Le prince Duan marqua une pause puis dit : « Quand Yongye se réveillera, venez l'emmener. »
Li Tianyou lança un regard noir à Yuepo
; tomber entre les mains du prince Duan signifiait une mort certaine, voire la mort. Son regard dans la pièce lui fit faire un bond
; la vue de Yongye, impuissant, appuyé contre la princesse, éveilla en lui une émotion profonde.

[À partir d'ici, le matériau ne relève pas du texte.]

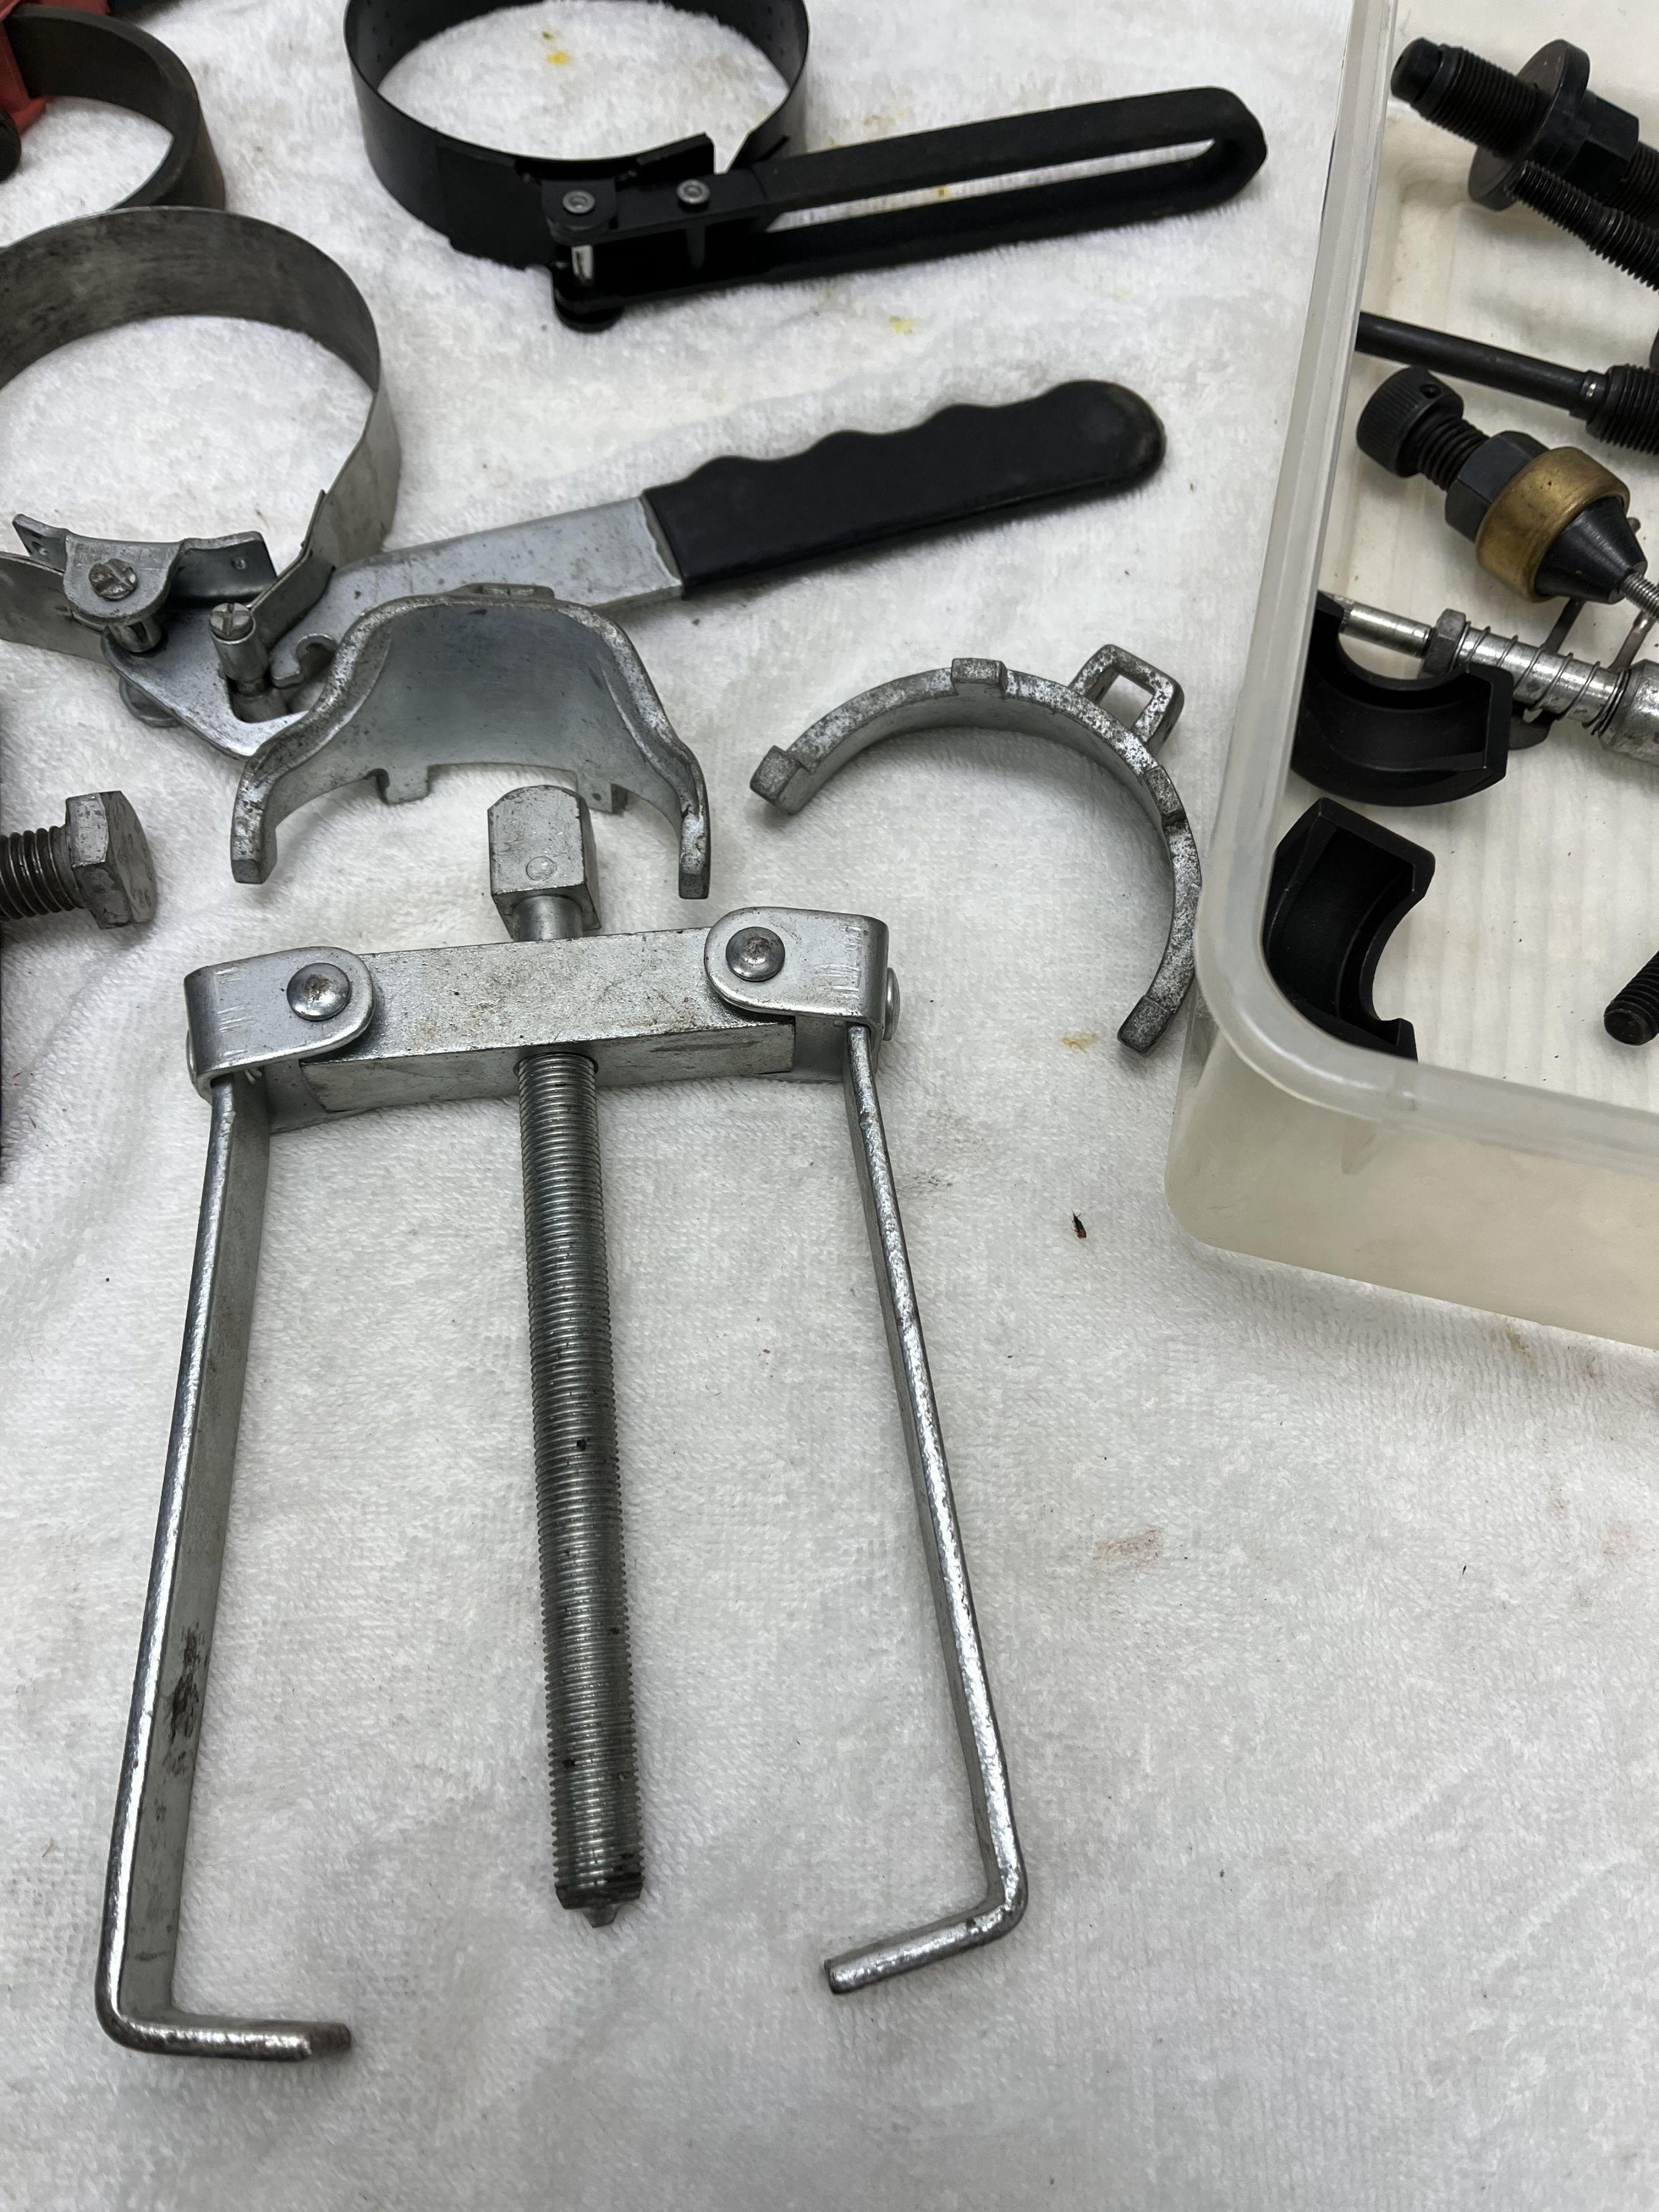 Small Tote Full/Oil Filter Wrenches, Pulley Pullers, ETC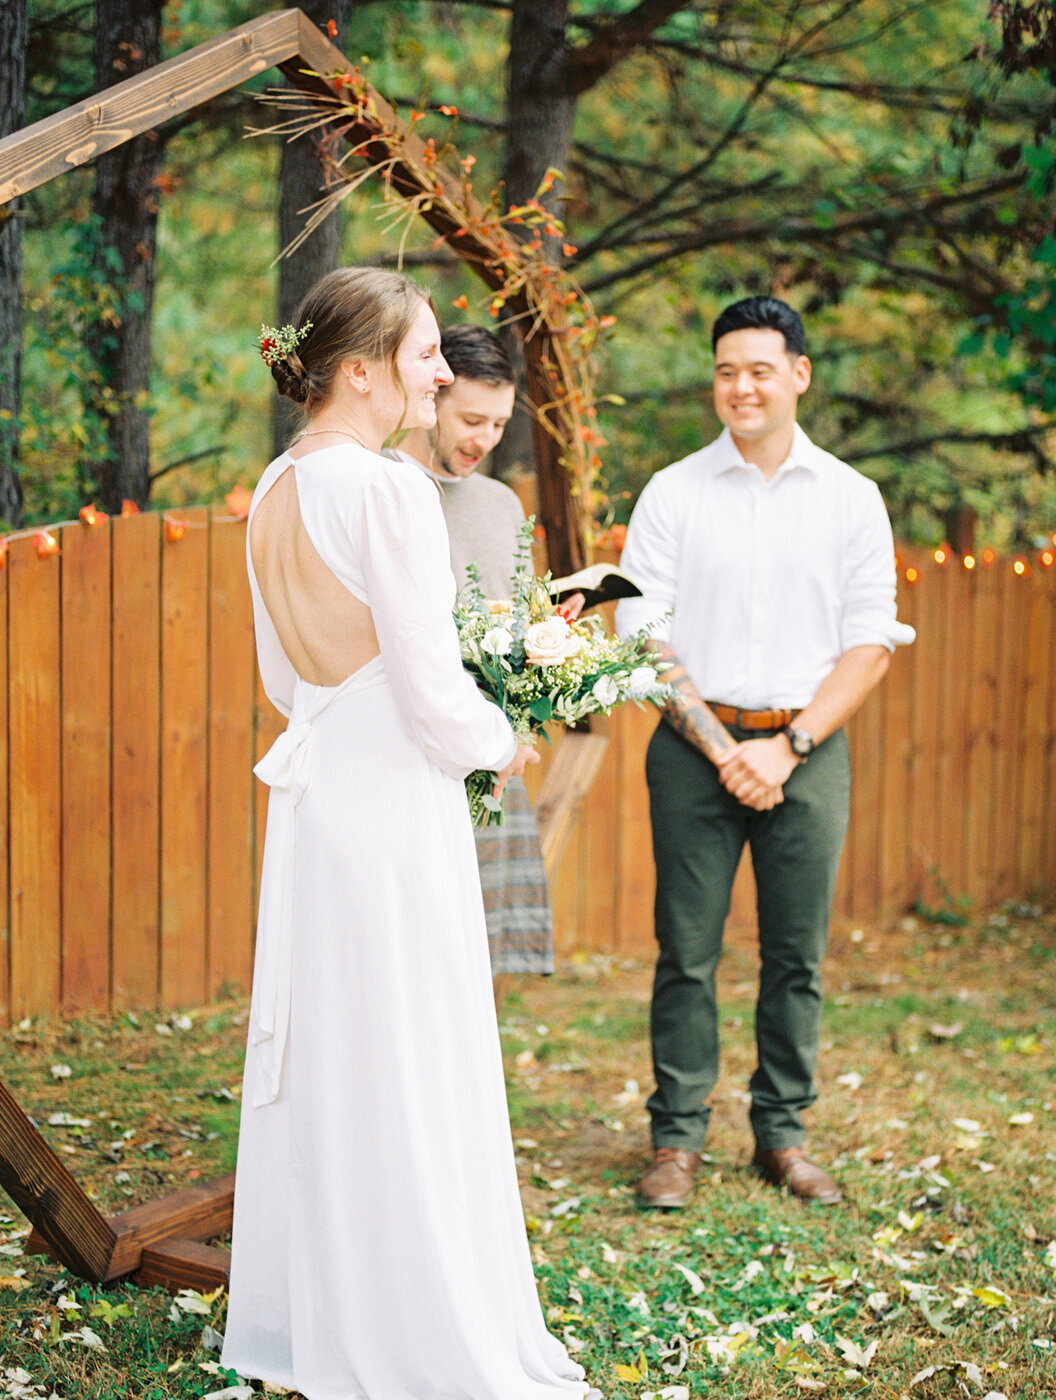 Raleigh Event Elopement Photographer | Jessica Agee Photography - 013

Sa surprise fut passagère
; il se reprit aussitôt, prit congé et s’en alla.
Alors que les gardes l'emmenaient de force, Yuepo eut envie de faire demi-tour, mais elle éclata de rire : « Votre Altesse, quel stratagème ingénieux ! Vous saviez que mon maître viendrait, n'est-ce pas ? Que mon maître utilise la Pilule de Pureté de Jade pour dissiper la poudre ensorcelante, le jeune maître est vraiment béni des dieux. Après tout, Yuepo est sa disciple. Yuepo s'est surestimée et reconnaît volontiers sa défaite ! »
Le prince Duan s'approcha et lui murmura à l'oreille : « Tu te trompes. Je parie que tu ne ferais pas de mal à Yongye. »
Yuepo, horrifié, s'apprêtait à parler lorsque le prince Duan le frappa d'un violent coup de paume. Avant de perdre connaissance, il entendit le prince Duan ordonner
: «
Surveillez-le de près, personne n'a le droit de le voir.
»
Après avoir donné l'antidote à Yongye et l'avoir aidée à se coucher, la princesse ôta impatiemment ses chaussures et ses chaussettes. Voyant que la fleur rouge vif était toujours épanouie sous ses pieds, elle poussa un soupir de soulagement, se sentant toute faible.
Au bout d'un moment, Yongye ouvrit les yeux.